I'm writing programs for massively parallel GPU processors, and last
time I checked Blelloch's scan was still one of the most efficient
algorithms

That's outside my area and maybe a niche, but I know some Haskell and FP
work has been done on this stuff (Data Parallel Haskell is inspired by
http://conal.net/blog/posts/parallel-tree-scanning-by-composition
http://www.cs.cmu.edu/~rwh/papers/iolambda/short.pdf
https://wiki.haskell.org/GHC/Data_Parallel_Haskell/References
http://hackage.haskell.org/package/accelerate

Here, my point was not that it is impossible to use functional algorithms on GPUs, only that sometimes, mutable data structures and associated algorithms are the most effective way to achieve some goals on shared-memory architectures.

For example, in this post that you mentioned...

http://conal.net/blog/posts/parallel-tree-scanning-by-composition

...it takes the author 10 A4 pages of code (accompanied by a bit of discussion and mathematical concepts) in order to implement an algorithm which I can describe in one schematic, then implement in a few dozen lines of code which anyone familiar with imperative constructs can understand. I hope we can agree that the signal-to-noise ratio is not in favor of the functional approach here.

The reason, I believe, can be found in one core tenet of eXtreme Programming and agile development in general: never use an algorithm which is more general than what you really need. Instead, generalize algorithms only when you find yourself doing something closely related to what you've done before.

It seems to me that more often than not, the functional approach is rather to take the most general abstraction that will possibly fit, then painstakingly go through the difficult process of shoehorning this complex abstraction into a simple problem. It is not without reminding how Java developers will sometimes design extremely complex class hierarchies to solve problems which are adressed by 10 lines of procedural code.

Richard

2015-11-29 17:44:17 UTC

Permalink

Post by Hadrien Grasland
In imperative programming, recursion is just one tool in your
toolbox among many others. When you meet a problem which recursion
fits best, such as quicksort or tree traversal, you use recursion.
When you encounter a problem which loops fit best, such as traversing
a data structure while accumulating some intermediary state or
mutating a data structure, you use loops. When neither approach has a
clear advantage, you use loops because they are easier to
understand.

But couldn't the same point be made when comparing structured control
structures with the goto statement? Some algorithms can be expressed in
a simpler way using labels and goto statements.
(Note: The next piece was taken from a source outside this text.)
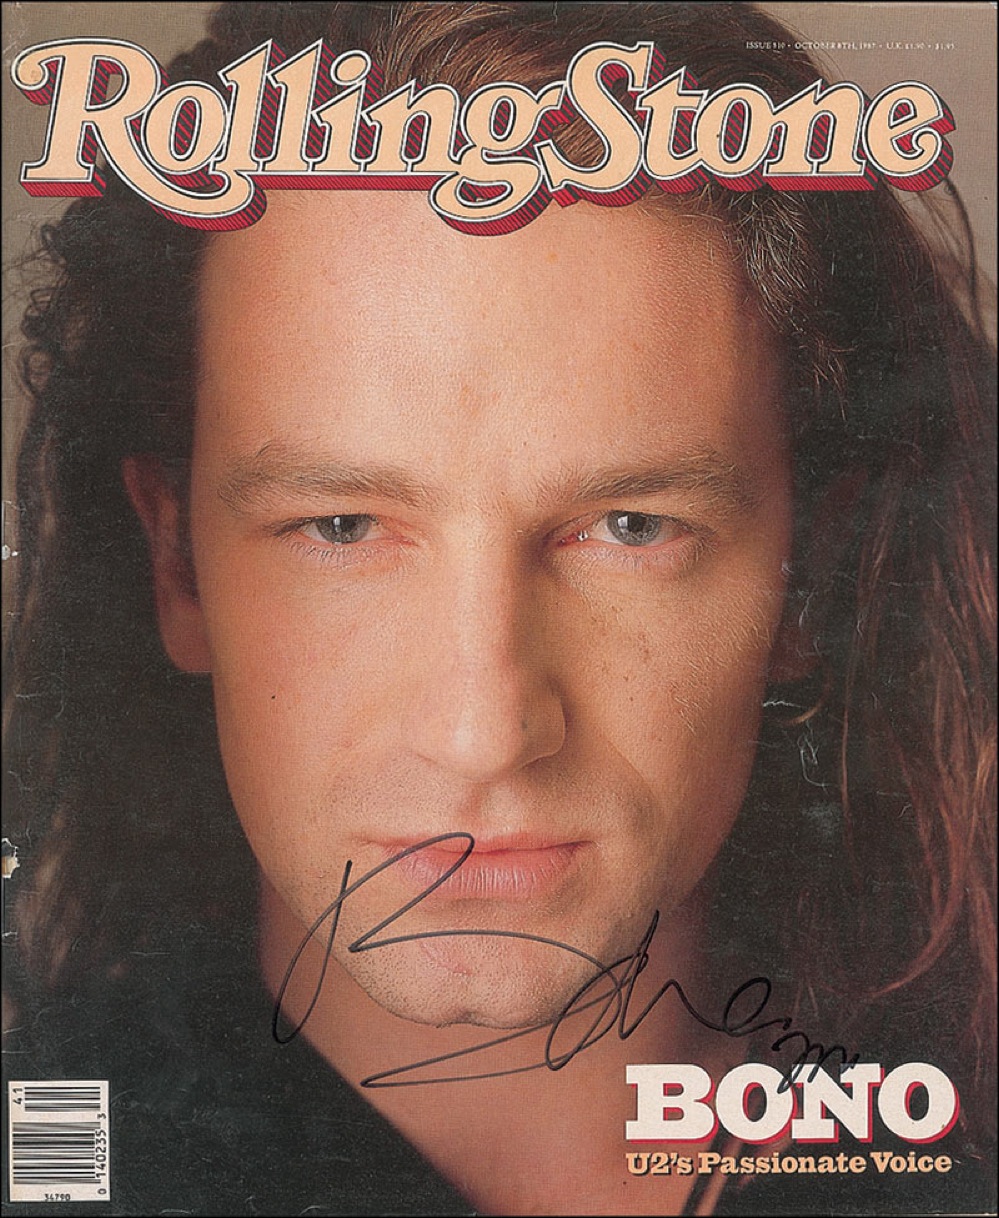 Lot #999 U2: Bono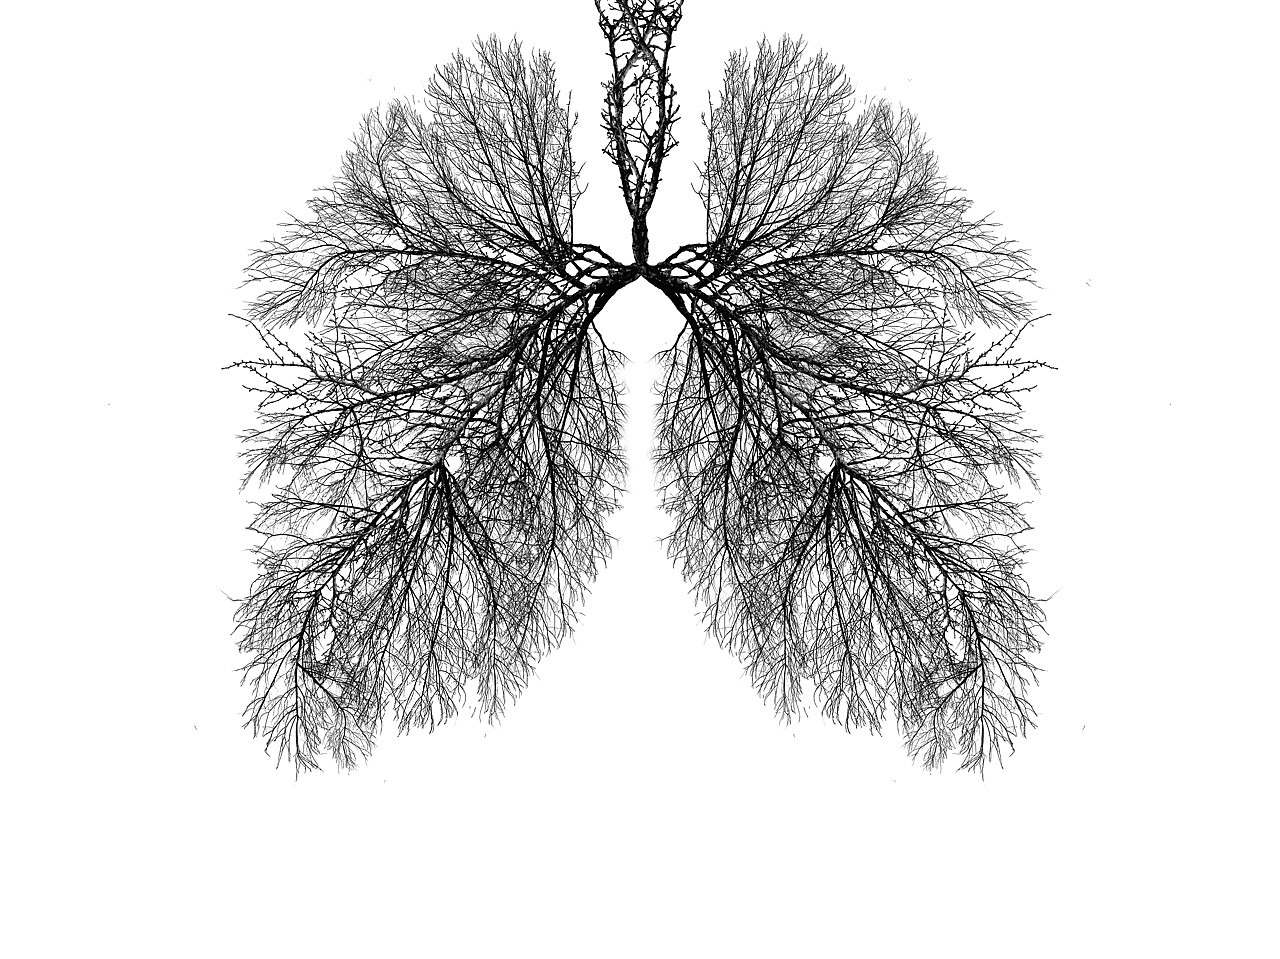 Es handelt sich um eine schwarz-weiße Illustration, die einen Baum bzw. Äste in Form einer Lunge zeigt.

For example, the following pseudo code shows how a stream of characters
delimited by a new line character could be processed using structured
control statements:

read (c)
WHILE c # new line DO
process (c)
read (c)
END

Using labels and goto, it could be programmed like this:

loop:
read (c)
IF c = new line THEN GOTO end
process (c)
end:

At first sight, the second version is simpler and easier to understand:
The read procedure is only called at one position, and it is immediately
clear where the value of variable c is modified and used. In the
structured version there are two (redundant) read calls, and variable c
is assigned twice with its value used textually before the second
assignment.

Nevertheless, most developers would agree that the structured version is
better because the control flow is visible immediately and there is no
danger of some external code jumping into the loop with unclear
consequences.

Similiarly, implementing an algorithm with an iteration instead of
recursion could be simpler and clearer at first sight. Nevertheless, it
could be actually better to use the recursive version of a pure
functional programming language because then one can be sure that
(instances of) variables are assigned only once and there can be no
unexpected behavior caused by uninitialized variables and side effects.

Post by Hadrien Grasland
constructs, like C++ or Python. Do not force developers to use the
functional approach when it is suboptimal, and trust them to pick
the option that fits their problem domain best.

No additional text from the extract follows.